> Task to complete: What is needed here is an exact copy of all the entries below.

> Information supplied:
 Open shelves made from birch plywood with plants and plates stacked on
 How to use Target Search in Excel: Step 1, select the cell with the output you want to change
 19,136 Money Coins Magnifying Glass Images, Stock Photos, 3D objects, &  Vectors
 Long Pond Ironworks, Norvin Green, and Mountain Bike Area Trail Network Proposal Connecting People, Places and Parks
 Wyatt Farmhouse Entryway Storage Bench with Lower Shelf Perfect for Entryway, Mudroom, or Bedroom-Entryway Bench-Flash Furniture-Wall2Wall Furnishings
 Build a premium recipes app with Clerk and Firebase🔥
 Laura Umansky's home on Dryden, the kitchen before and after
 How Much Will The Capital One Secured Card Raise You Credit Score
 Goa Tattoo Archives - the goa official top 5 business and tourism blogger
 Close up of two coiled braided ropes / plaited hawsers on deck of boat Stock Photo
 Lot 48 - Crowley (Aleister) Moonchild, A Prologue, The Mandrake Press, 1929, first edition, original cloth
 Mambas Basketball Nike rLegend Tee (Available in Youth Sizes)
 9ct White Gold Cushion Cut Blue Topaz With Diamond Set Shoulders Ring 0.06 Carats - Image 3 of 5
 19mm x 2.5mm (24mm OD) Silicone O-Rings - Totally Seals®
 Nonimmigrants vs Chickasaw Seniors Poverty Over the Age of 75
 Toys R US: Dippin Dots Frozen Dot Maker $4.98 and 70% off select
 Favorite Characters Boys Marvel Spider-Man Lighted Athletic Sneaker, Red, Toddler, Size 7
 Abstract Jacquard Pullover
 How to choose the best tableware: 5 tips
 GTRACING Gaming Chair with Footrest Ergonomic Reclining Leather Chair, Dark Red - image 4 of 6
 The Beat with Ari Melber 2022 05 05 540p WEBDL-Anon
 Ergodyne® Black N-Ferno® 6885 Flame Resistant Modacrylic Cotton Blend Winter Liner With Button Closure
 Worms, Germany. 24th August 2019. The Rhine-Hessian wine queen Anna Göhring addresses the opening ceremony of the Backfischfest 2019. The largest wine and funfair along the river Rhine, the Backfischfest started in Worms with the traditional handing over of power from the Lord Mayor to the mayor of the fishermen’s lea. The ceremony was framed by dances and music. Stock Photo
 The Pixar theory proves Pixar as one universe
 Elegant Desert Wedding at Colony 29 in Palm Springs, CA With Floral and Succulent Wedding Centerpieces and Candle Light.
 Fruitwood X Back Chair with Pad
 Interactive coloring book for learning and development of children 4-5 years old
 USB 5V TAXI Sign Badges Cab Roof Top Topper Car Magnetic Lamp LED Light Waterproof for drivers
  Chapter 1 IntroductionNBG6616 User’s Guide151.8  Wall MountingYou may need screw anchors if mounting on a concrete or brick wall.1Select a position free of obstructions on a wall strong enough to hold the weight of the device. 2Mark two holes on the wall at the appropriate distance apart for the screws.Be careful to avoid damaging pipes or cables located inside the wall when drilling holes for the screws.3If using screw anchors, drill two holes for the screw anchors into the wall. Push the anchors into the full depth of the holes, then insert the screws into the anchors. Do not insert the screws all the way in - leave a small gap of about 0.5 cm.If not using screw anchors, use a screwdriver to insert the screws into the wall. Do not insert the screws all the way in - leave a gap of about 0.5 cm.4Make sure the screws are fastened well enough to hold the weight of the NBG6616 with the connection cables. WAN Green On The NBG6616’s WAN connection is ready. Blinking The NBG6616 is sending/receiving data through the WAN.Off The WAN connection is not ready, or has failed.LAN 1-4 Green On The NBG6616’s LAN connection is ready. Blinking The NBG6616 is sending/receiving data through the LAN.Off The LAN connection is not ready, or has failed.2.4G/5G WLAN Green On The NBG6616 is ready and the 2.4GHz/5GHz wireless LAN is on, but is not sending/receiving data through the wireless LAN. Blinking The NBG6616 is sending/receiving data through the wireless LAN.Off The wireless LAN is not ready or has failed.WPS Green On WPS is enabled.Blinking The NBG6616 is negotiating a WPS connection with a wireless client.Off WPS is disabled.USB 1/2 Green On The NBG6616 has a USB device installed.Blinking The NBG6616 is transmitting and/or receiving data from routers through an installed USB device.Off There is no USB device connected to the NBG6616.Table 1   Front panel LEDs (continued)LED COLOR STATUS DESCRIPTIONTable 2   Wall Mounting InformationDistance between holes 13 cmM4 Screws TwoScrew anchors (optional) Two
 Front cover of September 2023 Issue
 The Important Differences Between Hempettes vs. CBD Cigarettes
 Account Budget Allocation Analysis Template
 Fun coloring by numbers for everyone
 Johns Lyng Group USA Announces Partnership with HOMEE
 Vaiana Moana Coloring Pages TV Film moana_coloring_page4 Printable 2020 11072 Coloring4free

> Response to the exercise:
 Open shelves made from birch plywood with plants and plates stacked on
 How to use Target Search in Excel: Step 1, select the cell with the output you want to change
 19,136 Money Coins Magnifying Glass Images, Stock Photos, 3D objects, &  Vectors
 Long Pond Ironworks, Norvin Green, and Mountain Bike Area Trail Network Proposal Connecting People, Places and Parks
 Wyatt Farmhouse Entryway Storage Bench with Lower Shelf Perfect for Entryway, Mudroom, or Bedroom-Entryway Bench-Flash Furniture-Wall2Wall Furnishings
 Build a premium recipes app with Clerk and Firebase🔥
 Laura Umansky's home on Dryden, the kitchen before and after
 How Much Will The Capital One Secured Card Raise You Credit Score
 Goa Tattoo Archives - the goa official top 5 business and tourism blogger
 Close up of two coiled braided ropes / plaited hawsers on deck of boat Stock Photo
 Lot 48 - Crowley (Aleister) Moonchild, A Prologue, The Mandrake Press, 1929, first edition, original cloth
 Mambas Basketball Nike rLegend Tee (Available in Youth Sizes)
 9ct White Gold Cushion Cut Blue Topaz With Diamond Set Shoulders Ring 0.06 Carats - Image 3 of 5
 19mm x 2.5mm (24mm OD) Silicone O-Rings - Totally Seals®
 Nonimmigrants vs Chickasaw Seniors Poverty Over the Age of 75
 Toys R US: Dippin Dots Frozen Dot Maker $4.98 and 70% off select
 Favorite Characters Boys Marvel Spider-Man Lighted Athletic Sneaker, Red, Toddler, Size 7
 Abstract Jacquard Pullover
 How to choose the best tableware: 5 tips
 GTRACING Gaming Chair with Footrest Ergonomic Reclining Leather Chair, Dark Red - image 4 of 6
 The Beat with Ari Melber 2022 05 05 540p WEBDL-Anon
 Ergodyne® Black N-Ferno® 6885 Flame Resistant Modacrylic Cotton Blend Winter Liner With Button Closure
 Worms, Germany. 24th August 2019. The Rhine-Hessian wine queen Anna Göhring addresses the opening ceremony of the Backfischfest 2019. The largest wine and funfair along the river Rhine, the Backfischfest started in Worms with the traditional handing over of power from the Lord Mayor to the mayor of the fishermen’s lea. The ceremony was framed by dances and music. Stock Photo
 The Pixar theory proves Pixar as one universe
 Elegant Desert Wedding at Colony 29 in Palm Springs, CA With Floral and Succulent Wedding Centerpieces and Candle Light.
 Fruitwood X Back Chair with Pad
 Interactive coloring book for learning and development of children 4-5 years old
 USB 5V TAXI Sign Badges Cab Roof Top Topper Car Magnetic Lamp LED Light Waterproof for drivers
  Chapter 1 IntroductionNBG6616 User’s Guide151.8  Wall MountingYou may need screw anchors if mounting on a concrete or brick wall.1Select a position free of obstructions on a wall strong enough to hold the weight of the device. 2Mark two holes on the wall at the appropriate distance apart for the screws.Be careful to avoid damaging pipes or cables located inside the wall when drilling holes for the screws.3If using screw anchors, drill two holes for the screw anchors into the wall. Push the anchors into the full depth of the holes, then insert the screws into the anchors. Do not insert the screws all the way in - leave a small gap of about 0.5 cm.If not using screw anchors, use a screwdriver to insert the screws into the wall. Do not insert the screws all the way in - leave a gap of about 0.5 cm.4Make sure the screws are fastened well enough to hold the weight of the NBG6616 with the connection cables. WAN Green On The NBG6616’s WAN connection is ready. Blinking The NBG6616 is sending/receiving data through the WAN.Off The WAN connection is not ready, or has failed.LAN 1-4 Green On The NBG6616’s LAN connection is ready. Blinking The NBG6616 is sending/receiving data through the LAN.Off The LAN connection is not ready, or has failed.2.4G/5G WLAN Green On The NBG6616 is ready and the 2.4GHz/5GHz wireless LAN is on, but is not sending/receiving data through the wireless LAN. Blinking The NBG6616 is sending/receiving data through the wireless LAN.Off The wireless LAN is not ready or has failed.WPS Green On WPS is enabled.Blinking The NBG6616 is negotiating a WPS connection with a wireless client.Off WPS is disabled.USB 1/2 Green On The NBG6616 has a USB device installed.Blinking The NBG6616 is transmitting and/or receiving data from routers through an installed USB device.Off There is no USB device connected to the NBG6616.Table 1   Front panel LEDs (continued)LED COLOR STATUS DESCRIPTIONTable 2   Wall Mounting InformationDistance between holes 13 cmM4 Screws TwoScrew anchors (optional) Two
 Front cover of September 2023 Issue
 The Important Differences Between Hempettes vs. CBD Cigarettes
 Account Budget Allocation Analysis Template
 Fun coloring by numbers for everyone
 Johns Lyng Group USA Announces Partnership with HOMEE
 Vaiana Moana Coloring Pages TV Film moana_coloring_page4 Printable 2020 11072 Coloring4free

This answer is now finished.